Mostly I am worried about the lack of players who can grab hold of big matches, physically of course, but with street smarts honed over time.

Doris looks like he can climb up alongside Ryan, with hints of similar standards to come from Rónan Kelleher.

Signs of a progressive attack shape against Wales dissolved against a mean English defence.

Surely that's enough standing still when it comes to selection. The Ireland squad need not remove anyone mid-Six Nations but it does need to start seriously investing in the men who will carry them forward.

Asking seasoned players to dramatically alter what they have been doing is the essence of good coaching. Ireland cannot keep engaging in all-out physical contests, especially with an unreliable set piece.

Also, the maul is no longer a reliable weapon. Again, the coaches have plenty to do.

Required impact

Change must be calculated. The reserve props didn't make the required impact, but they were not helped by the time of their arrivals, for a scrum five metres from their own try line. At the same moment England's new front row and Joe Launchbury delivered upon specific instructions to shut the game down.

There is plenty of blame to go around: the halfbacks gave as poor a display as we have seen since the defeat in Cardiff last March. They were not helped by the pack being unable to make a sustained impression. The centres were surrounded while carrying from behind the gainline. The scrum remains a concern. The lineout mostly played it safe with throws to the front.
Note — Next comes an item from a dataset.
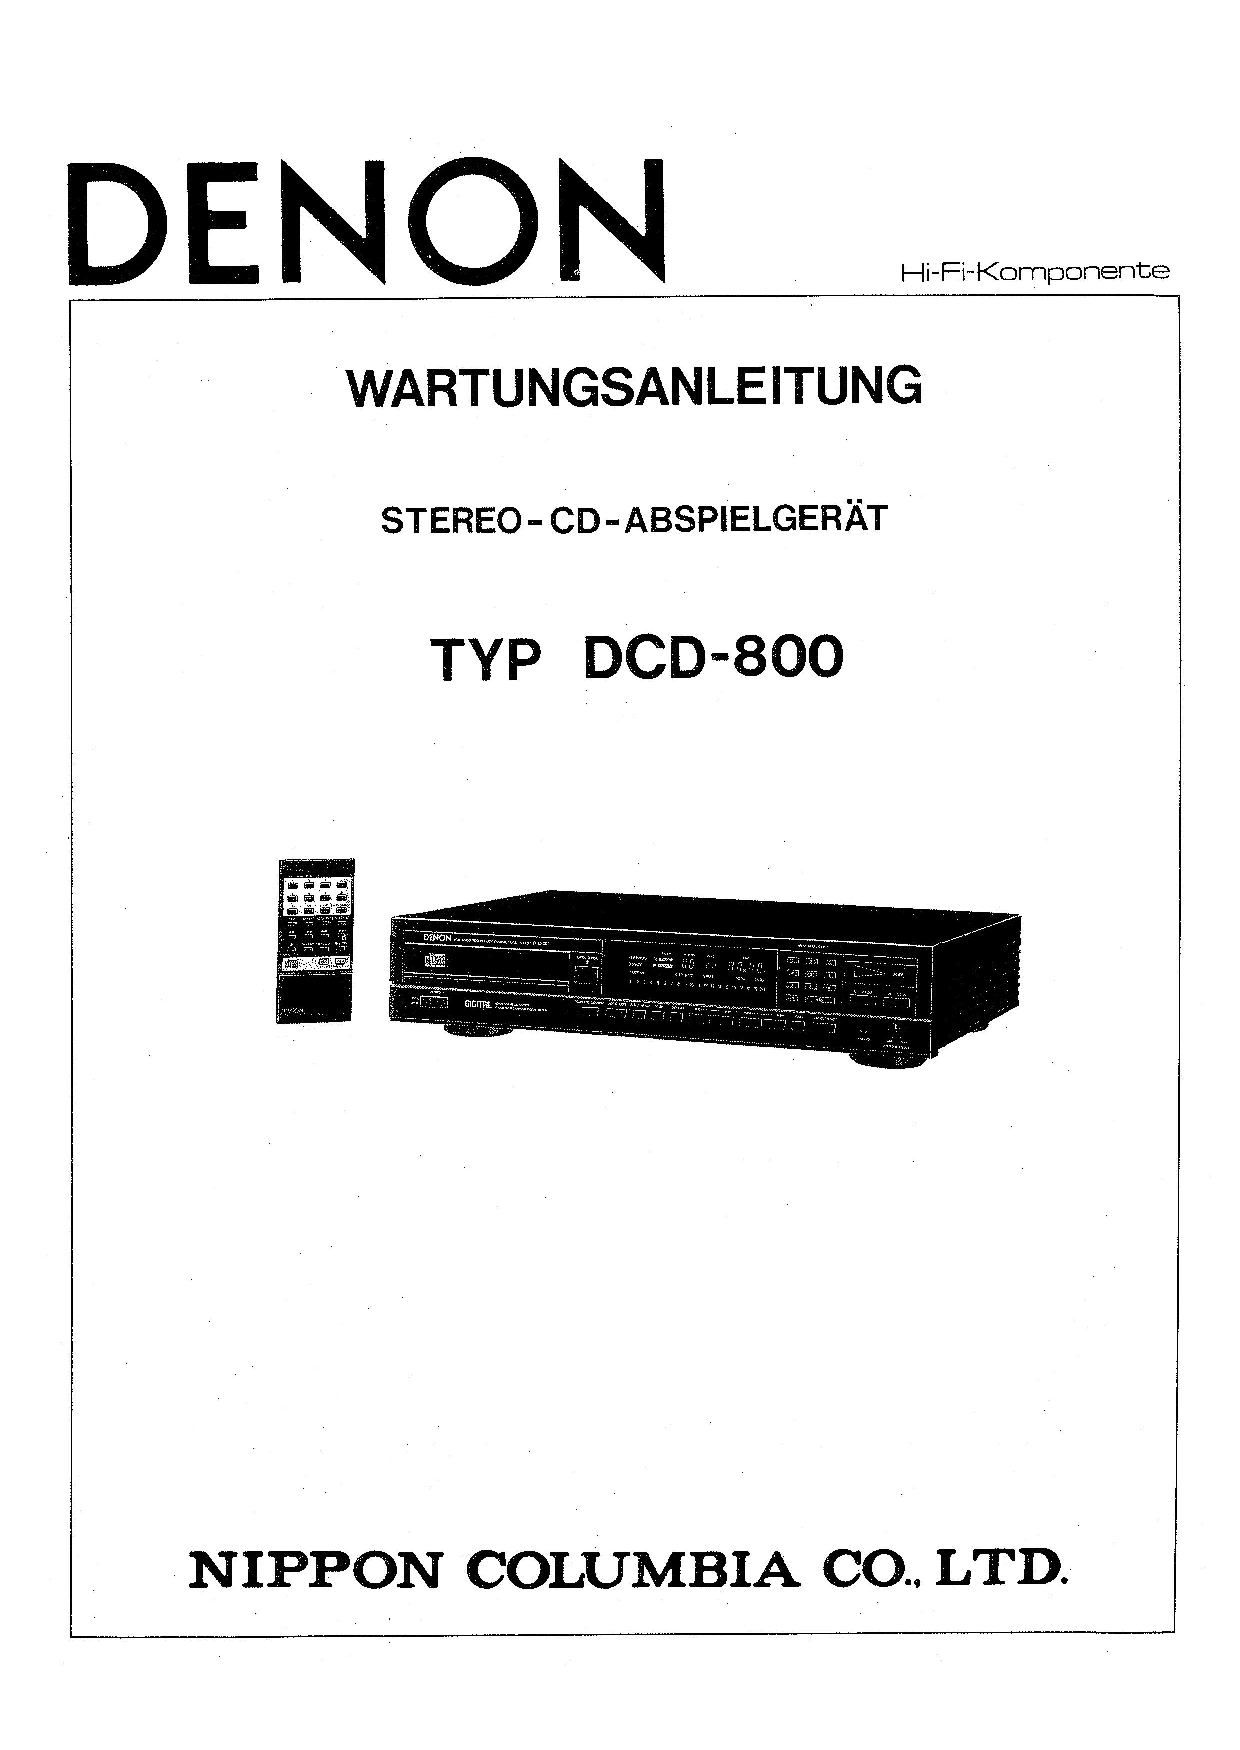 Denon DCD-800 Service Manual

None of this will change in Paris if Ireland refuse to alter their starting XV. Change was advisable before this moment, now it is inescapable.
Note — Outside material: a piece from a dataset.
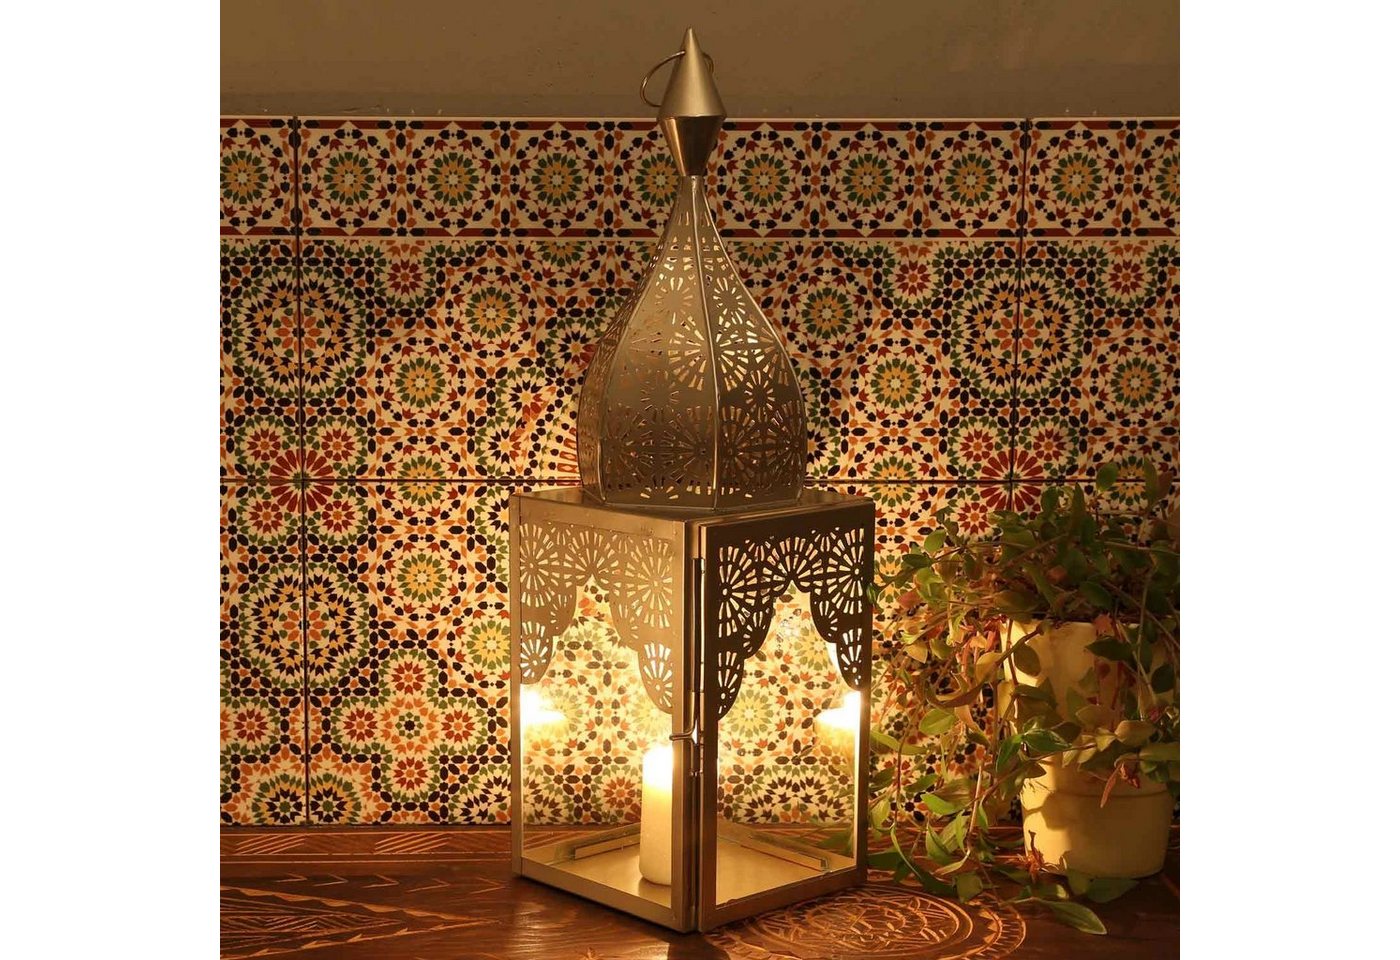 Casa Moro Windlicht Orientalisches Windlicht Modena Silber L Glas & Metall Höhe 50 cm (Form Minarette, Marokkanische Laterne, Kerzenständer wie aus 1001 Nacht), Ramadan Kerzenhalter Eid Wohn Deko IRL660 von Casa Moro

The backrow needs a re-jig or, failing that, the personnel must cease their automatic carries into a furnace. Doris and Deegan are programmed differently to Stander and O’Mahony. Suddenly, this weekend’s Pro14 performances by Deegan, Connors and O’Donoghue matter.

The natural reaction under pressure is making Ireland look like an old-fashioned version of themselves – we are not going back there, right?

No, we are not, but rivals on the international stage are moving away from them. Bravery and honestly are the eternal foundations of this house, but new wallpaper is needed. It’s not all bad. If you haven’t seen this or last season’s Ireland under-20s, familiarise yourself with the up-and-coming talent.

This is not a call for drastic action, just to speed up the evolution.